The occurrence of major data breaches at banks, credit agencies, and other online corporate systems happens regularly. Large corporations have the money to hire the best security consultants and use the best tools, yet they’re exploited time and again. Take this as a warning to be diligent and conscious of hacking issues in your own programming.
If you’ve read this far, you should have a good idea of how to write 64-bit Assembly Language programs for Android, iOS, and Linux. You know how to write basic programs, as well as use the FPU and the advanced NEON processor to execute SIMD instructions.
Now it's up to you to go forth and experiment. The only way to learn programming is by doing. Think up your own Assembly Language projects, for example:
- 1.
Control a robot connected to the GPIO pins of an NVidia Jetson Nano.
- 2.
Optimize an AI object recognition algorithm with Assembly Language code, even using the NEON processor.
- 3.
Contribute to the ARM-specific parts of the Linux kernel to improve the operating system’s performance.
- 4.
Enhance GCC to generate more efficient ARM code.
- 5.
Think of something original that might be the next killer application.
Exercises
- 1.
In the discussion of the epilogue code when stack canaries are enabled, we mentioned that the instruction
eor x0, x1, x0
will set X0 to zero if X0 and X1 are equal. Look up the logic rules for the exclusive or instruction and show how this works.
- 2.
Consider the various APIs for strcpy.
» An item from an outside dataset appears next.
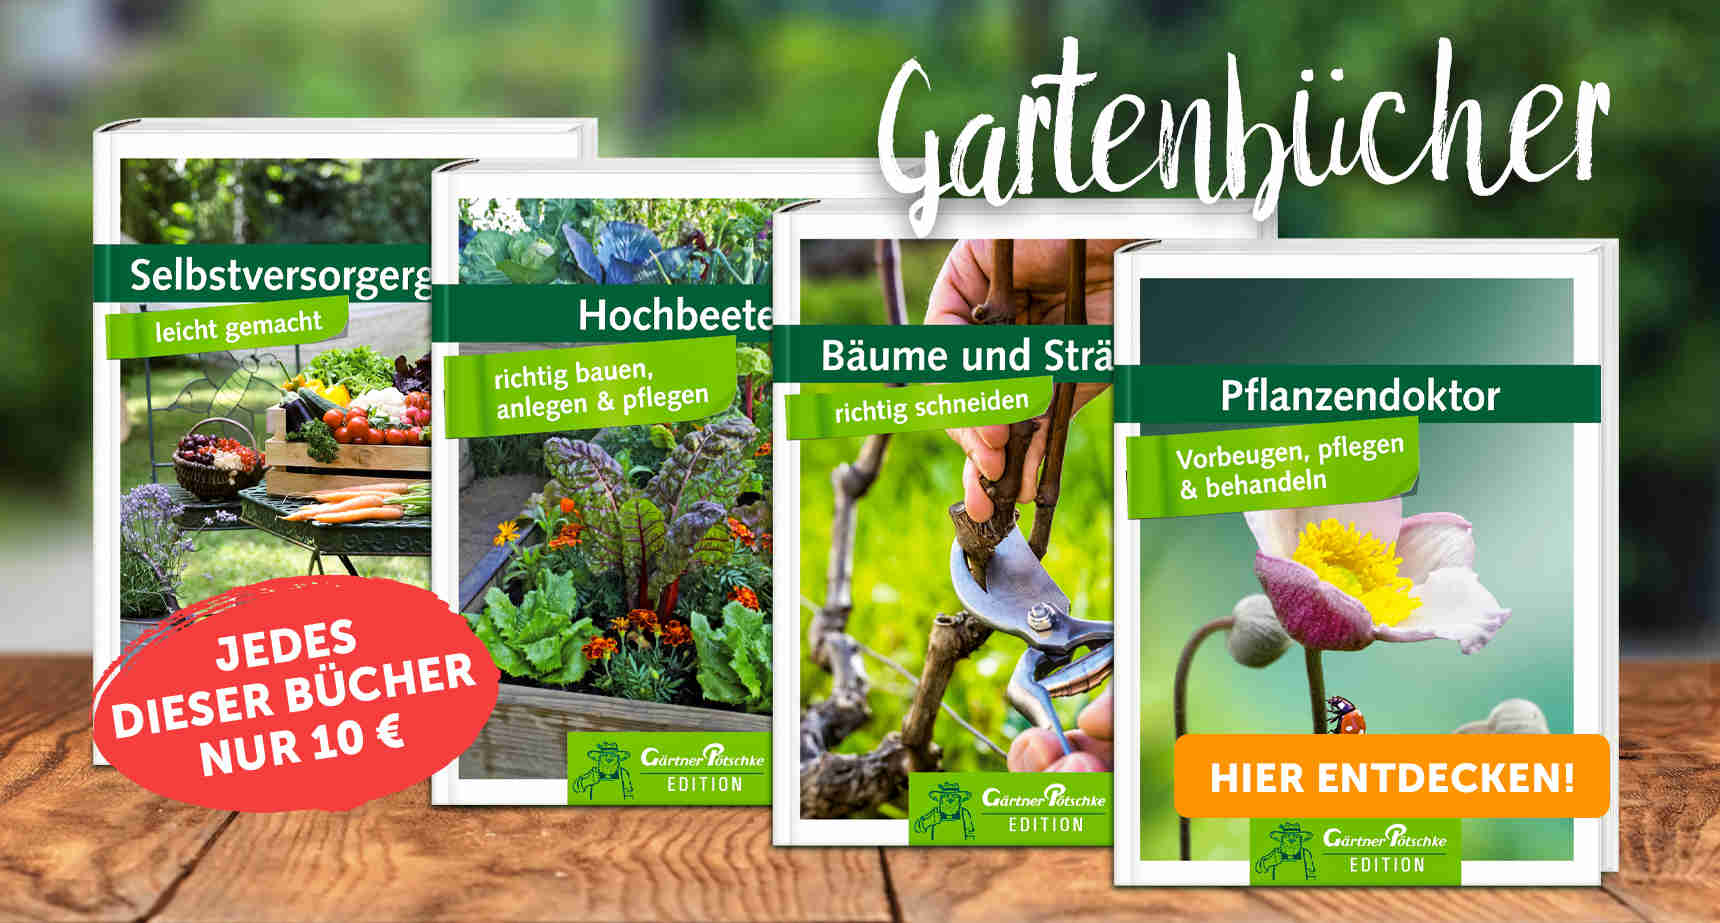 +++ (2) Gartenbücher +++ - 3

Choose one for toupper and implement it to prevent a buffer overrun.
- 3.
Turn on stack canaries for the upper.c program from Chapter 15, “Reading and Understanding Code.” Play with it to see it working correctly and a stack overrun being caught.
- 4.
Turn on PIE with some of the existing sample programs to ensure they work okay.
- 5.
Do you think that always turning on maximum protection and living with the performance hit is the safest approach?